Insurance VictimOne of the major issues that have cast a dark cloud over AARP in recent months is the allegation that UnitedHealth Group Insurance marketed under the AARP umbrella was misleading. It is alleged that consumers believed they were buying comprehensive health coverage—insurance that would pay for virtually any eventuality—when in fact, there were limits that became the source of hardship for many, and financial ruin for others.

Late last year AARP suspended their marketing of the policy, pending a review of marketing materials and strategy.

A blockbuster report that appeared in Bloomberg News in the Fall of 2008 painted a picture of greed and high rates, in deference to the belief amongst AARP members that they were getting the best bang for their bucks by embracing companies, and policies endorsed by AARP. Allegations of AARP-endorsed policies that were more expensive than competing products, and the earning of lucrative endorsement fees by AARP that are allegedly passed on to the consumer by individual insurance companies, have been challenged by AARP, which maintains their business practices and associations are sound and AARP members are well, and fairly represented.

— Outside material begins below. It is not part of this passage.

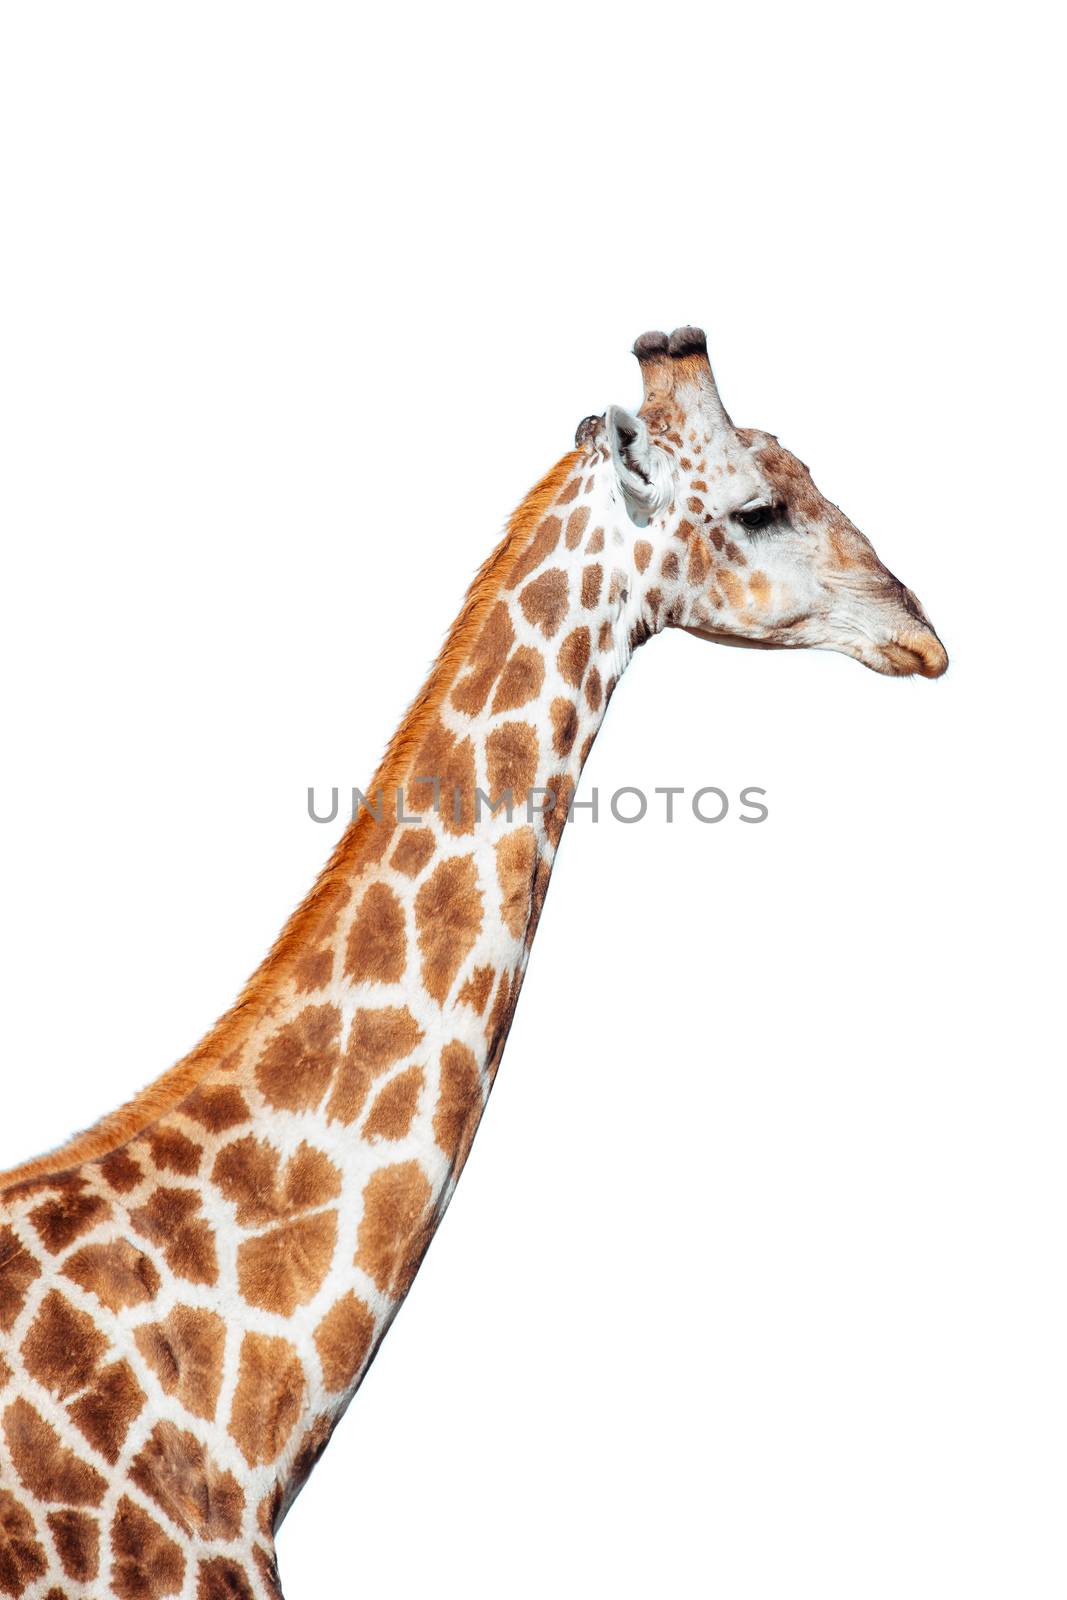 Giraffe isolated on white background by artush

Meantime there are many Americans still miffed.

Gayle, an AARP member who hails from Williams, Arizona writes that she had obtained auto insurance through AARP with The Hartford in 1999. Ten years later, in January of this year the AARP member describes her ordeal acquiring a new car and attempting to insure it through her AARP-endorsed insurer, The Hartford.

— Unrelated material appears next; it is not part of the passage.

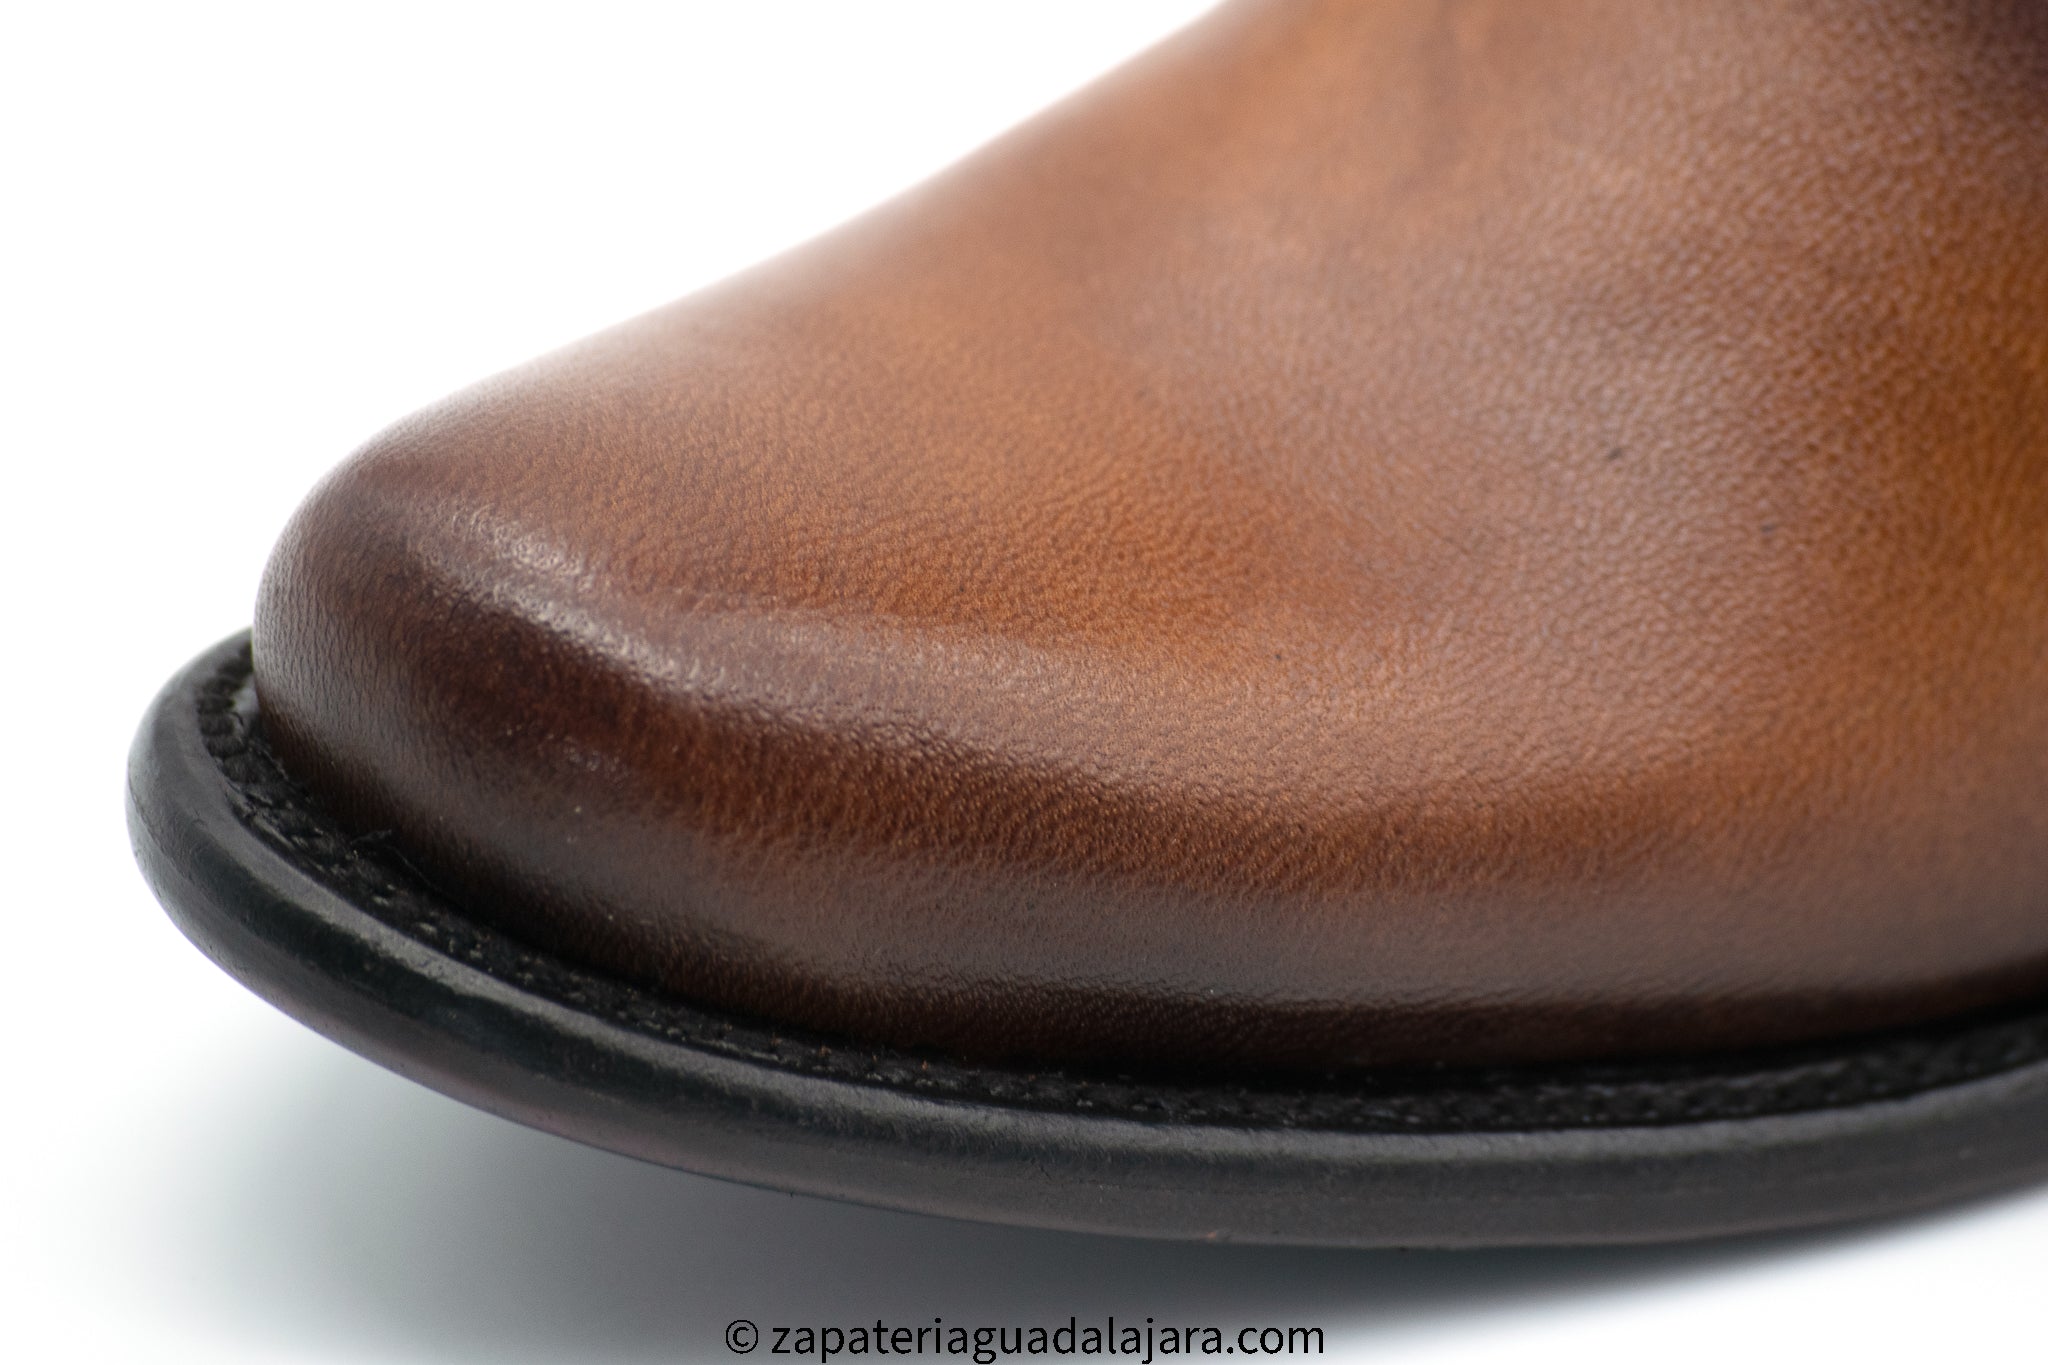 3688351 XIMENA BOVINE LEATHER HONEY  Genuine Leather Cowboy Boots and Hats  — Zapateria Guadalajara

However, it was not a pleasant experience. Gayle was quoted what she calls an outrageous amount for the new car, and found the customer service representative to be rude and argumentative.

Finally, after 3 or 4 days she managed to get through to a supervisor who indicated Gayle would be provided with a policy featuring premiums geared to her income. A date was finalized, but passed with no response. When Gayle's attempts to contact them went nowhere, she reported the situation to AARP, "which I have been with since '94," she writes.

She goes on to say that AARP had promised to contact The Hartford and intercede on her behalf, but nothing was ever done. So she decided to take matters into her own hands and shop around, found a comparable policy at a better quote with a competing insurer, then proceeded to call The Hartford to inform them.

However, Gayle was informed that she would have to pay a 10 percent penalty for cancelling early, even though she was never informed that the policy had, indeed gone through in the first place. Told that the consumer's affairs department at The Hartford could not help her, she was referred to a manager. He took her phone number, promised to call back and never did.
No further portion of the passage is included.